Kubernetes provides all the tools required to get this up and running. Ksync adds a daemonset to the cluster. This runs the agent (as a privileged container) on every host. The agent connects directly to the Docker daemon and discovers the path for a container’s working copy. The agent also runs a bidirectional syncing application that can move files from a developer’s laptop into the container itself. With hot reload, interpreted languages can have containers fully updated and restarted in under a second. This is massive for developer’s productivity! Code updates can go from a process that takes minutes to seconds.
Mesosphere started out with a solid foundation from Mesos. Early on we did some experiments to learn what the best business model was. We added plugins for Mesos, created some products to help with incident management in a scheduled world and had some limited success with Elastic Mesos. None of these were particularly sustainable business models for the company, unfortunately.
Taking some of the learnings from the Mesos CLI, I started to ask folks what makes a platform feel like an operating system. My hypothesis coming into this was the GUI. Imagine my shock when the unanimous answer was the package management system. Installing complex applications is such a common task in modern operating systems, it was the base requirement for day to day usage. Taking Mesos, building a package management system for it and bundling the tools required to actually run in production seemed like a good idea.

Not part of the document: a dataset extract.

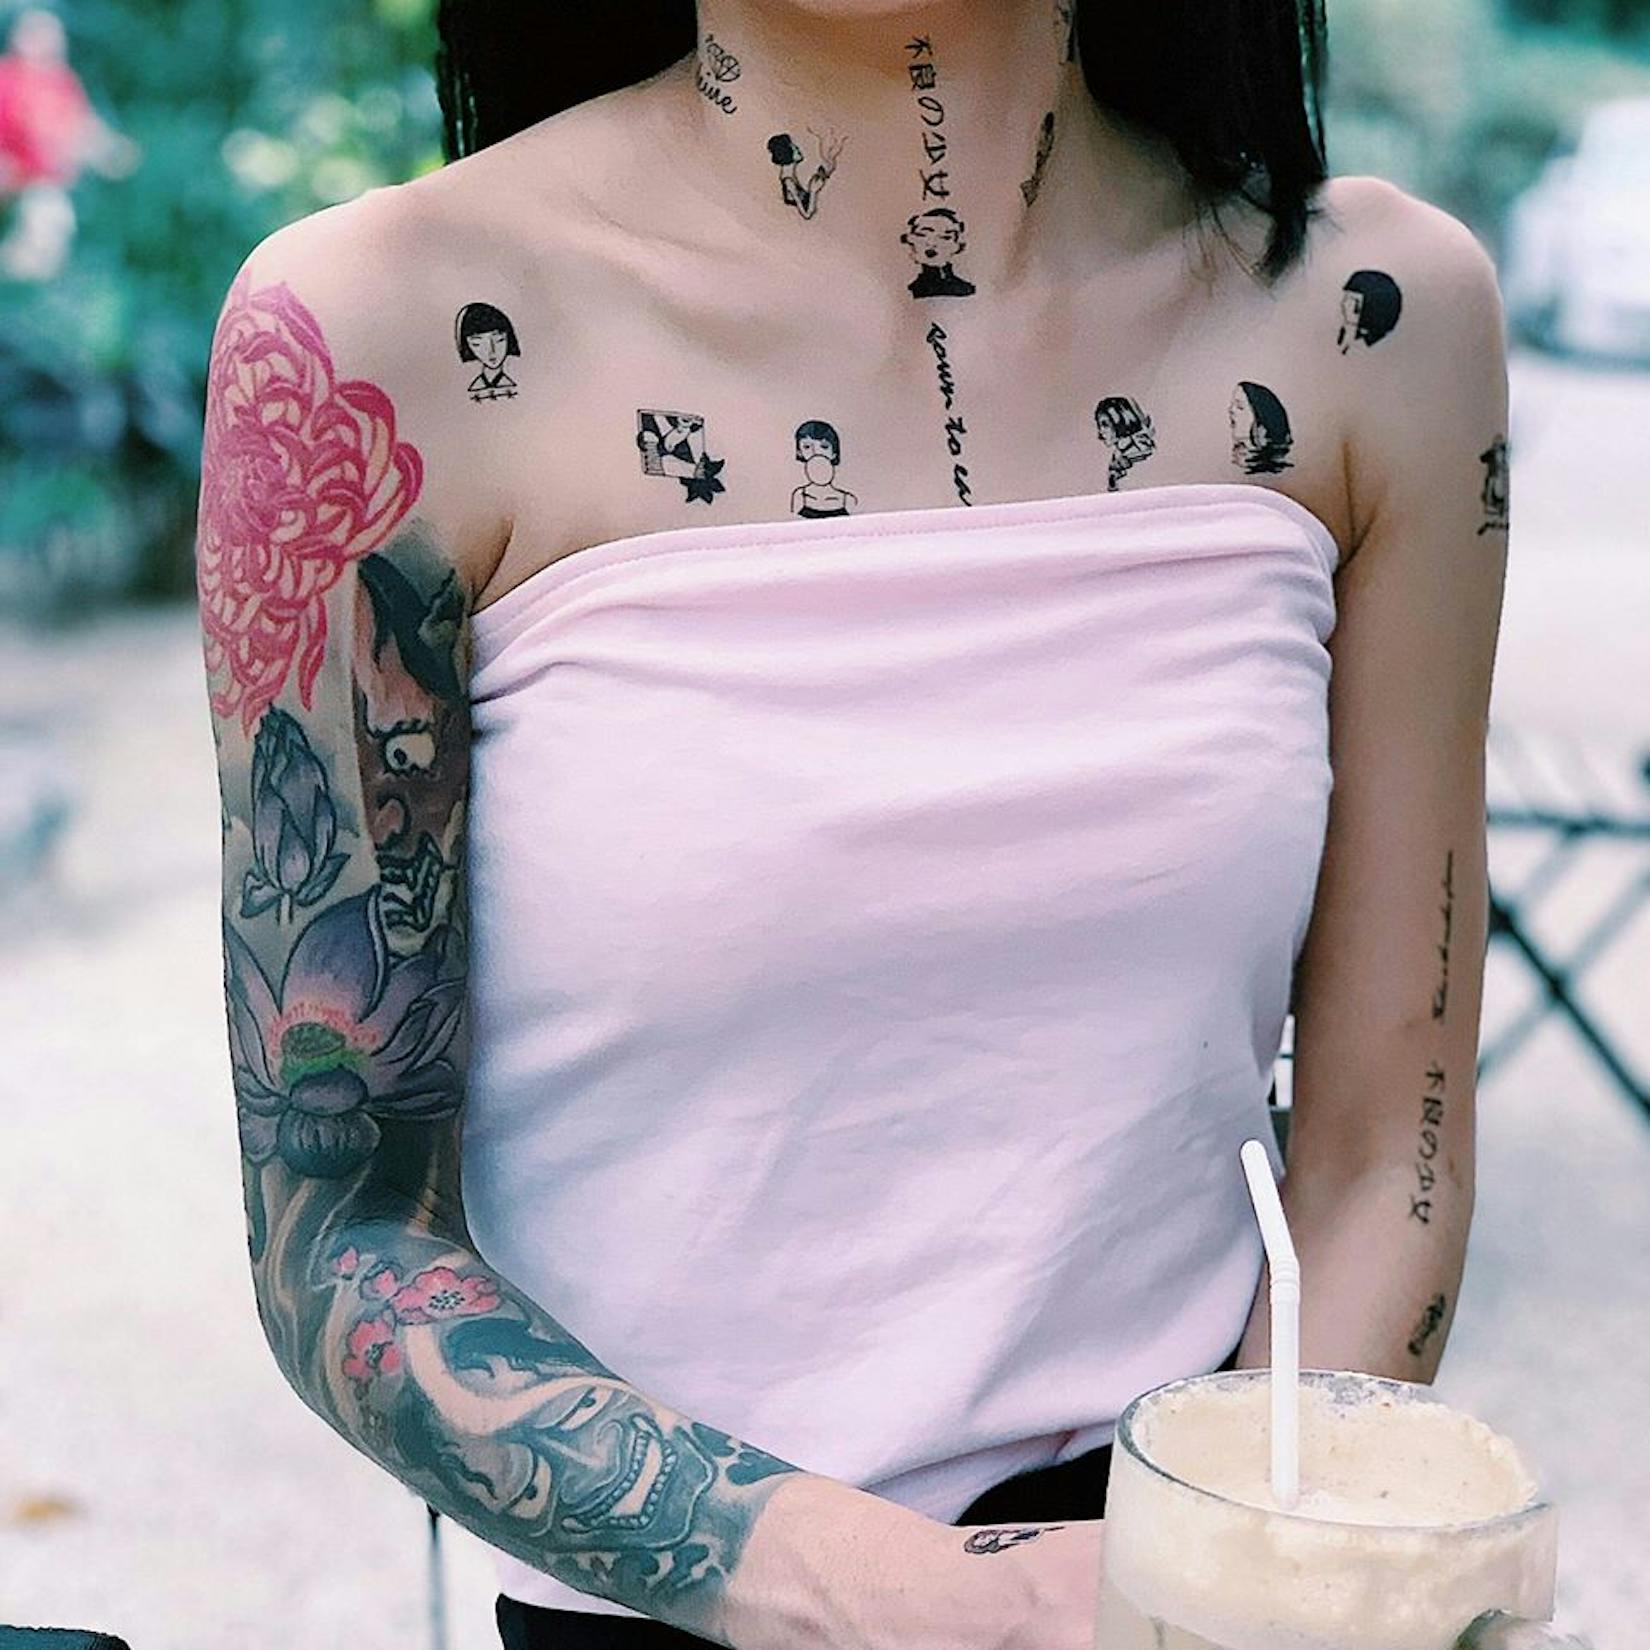 SweetZ tattoo Ink | Beauty

To test whether DC/OS was a good idea or not, I built the original version out myself. This took the form of a React SPA running on top of a RoR app for all the visualization. A basic CLI provided write access to the Mesos API. I then automated the whole thing on top of GCE by using startup scripts. After asking for a couple increases in quota, it was possible to create 1k+ node clusters in under 5 minutes. Finally, there was no way I could create all the packages required to get users thinking about what they could do. So, instead of writing frameworks and packages for everything, I created a chameleon package. It could pretend to be different workload patterns and names to present how workloads would work on your mesos cluster. Humorously, this package has actually been downloaded more than 1m times! To get a feel of everything we’d put together, you can watch the original demo.
This all happened at just the right time. The idea of container scheduling was starting to catch on and I was one of the first to show how it worked, leading users to understand what it could do for them. We decided to make this all a reality and I started to define what DC/OS as a product would look like.
As I worked with the team to build something everyone could use, we continued to do some marketing efforts to show the larger story. One of these was through a partnership with Microsoft. I built out the script, demo application and infrastructure for Corey Sanders to go on stage at //Build and show mesos containers launched on Azure infrastructure.
For a take on how I saw scheduling changing how engineers build things, take a peek at my MesosCon talk. I try to explain why schedulers are empowering and break down the barriers that we’d built up. They provide the tools for engineers and operations to work together to get more reliable software out faster.